# drywall for me



## leo (Dec 11, 2012)

hey guys anybody knows what is the best price for new homes drywall install so that i can start bid i need some help i hang board before but it was hourly all the time and finally got liscence want to try it hopfully woks.


----------



## moore (Dec 2, 2010)

leo said:


> hey guys anybody knows what is the best price for new homes drywall install so that i can start bid i need some help i hang board before but it was hourly all the time and finally got liscence want to try it hopfully woks.


Hope it woks for ya Brother!!!


----------



## SlimPickins (Aug 10, 2010)

leo said:


> what is the best price for new homes drywall install


Not Enough.


----------



## smisner50s (Jan 6, 2011)

leo said:


> hey guys anybody knows what is the best price for new homes drywall install so that i can start bid i need some help i hang board before but it was hourly all the time and finally got liscence want to try it hopfully woks.


Best of luck...running a bussiness is super easy..


----------



## Arey85 (Jan 2, 2010)

leo said:


> hey guys anybody knows what is the best price for new homes drywall install so that i can start bid i need some help i hang board before but it was hourly all the time and finally got liscence want to try it hopfully woks.


This is a joke right??? C'mon. This is your well thought out business plan? Pay for a license and assume you're good to go.... Right after you ask some people on the Internet the fundamental basics of doing business, how much to get paid. Nevermind the fact that you couldn't be more vague with your question. Yea buddy good luck!!! There's only one set price for "new homes" cuz they are all the same. People like you are why I'm running around for the last few weeks trying to hit 4 jobs a day doing bullish!t repairs after people who just thought they would up and start doing drywall for a living out of nowhere. Anyone wanna guess what kind of week I'm having????


----------



## SlimPickins (Aug 10, 2010)

Arey85 said:


> This is a joke right??? C'mon. This is your well thought out business plan? Pay for a license and assume you're good to go.... Right after you ask some people on the Internet the fundamental basics of doing business, how much to get paid. Nevermind the fact that you couldn't be more vague with your question. Yea buddy good luck!!! There's only one set price for "new homes" cuz they are all the same. People like you are why I'm running around for the last few weeks trying to hit 4 jobs a day doing bullish!t repairs after people who just thought they would up and start doing drywall for a living out of nowhere. Anyone wanna guess what kind of week I'm having????

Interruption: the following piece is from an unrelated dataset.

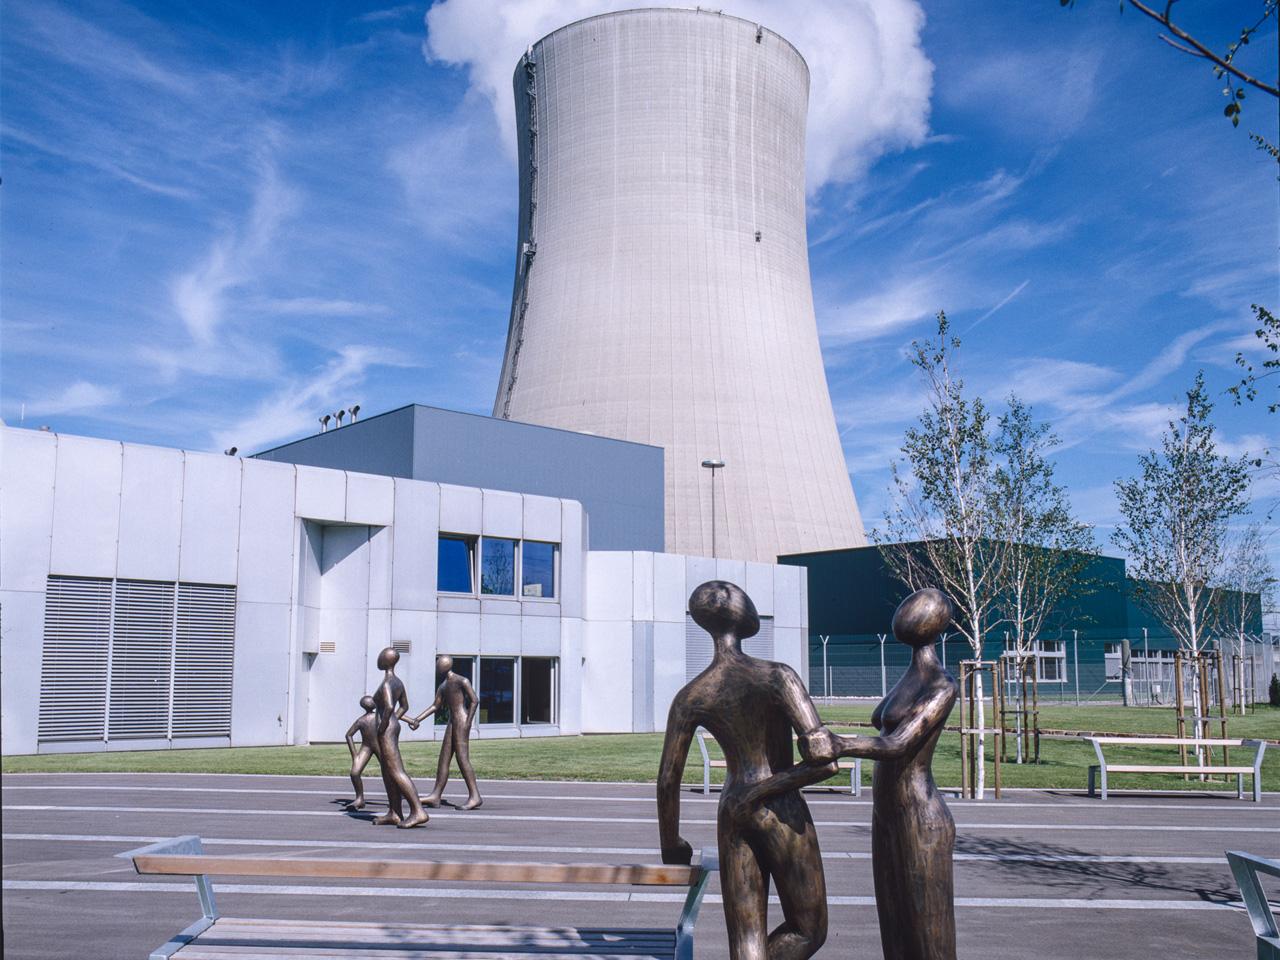 Kernkraftwerk Gösgen – Werkrundgang

I saw an ad on craigslist last night where someone had already hung their basement but was looking for someone to tape and texture "asap". Maybe you're interested? :laughing: :lol:


----------



## Arey85 (Jan 2, 2010)

Is it going to look like this?


----------



## Arey85 (Jan 2, 2010)

Not the first pic. Don't know how that one got in there.


----------



## silverstilts (Oct 15, 2008)

Just my opinion but I would think most would weigh out some kind of wages and profits after all the insurance, fuel, materials and all the other constants that go along with running a business. If you don't take the time to investigate and plan ahead before you take the plunge well all I can say is good luck. Besides that it's not fair to others in the trade when you try to take shortcuts on pricing. If you want a price about .05 per ft should get ya going...you will fit right in with the illegals.


----------



## drywall guy158 (Dec 31, 2009)

got to love those 8' butt seams people give us !!!


----------



## SlimPickins (Aug 10, 2010)

Arey85 said:


> Is it going to look like this?


Dude.....that one looks pretty damn good compared to what I generally imagine homeowner hangs to look like.....


----------



## Arey85 (Jan 2, 2010)

Not a homeowner hang. The guy does drywall for a living. I guess with a butt joint on a stand up wall the builder decided it was time for a new crew.


----------



## A smooth finish (Mar 19, 2012)

Arey85 said:


> Is it going to look like this?


Thats looks like most of the work I do.

I do alot of home owner repair. Its not bad work once you learn how to deal with all the garbage that they give you to work with.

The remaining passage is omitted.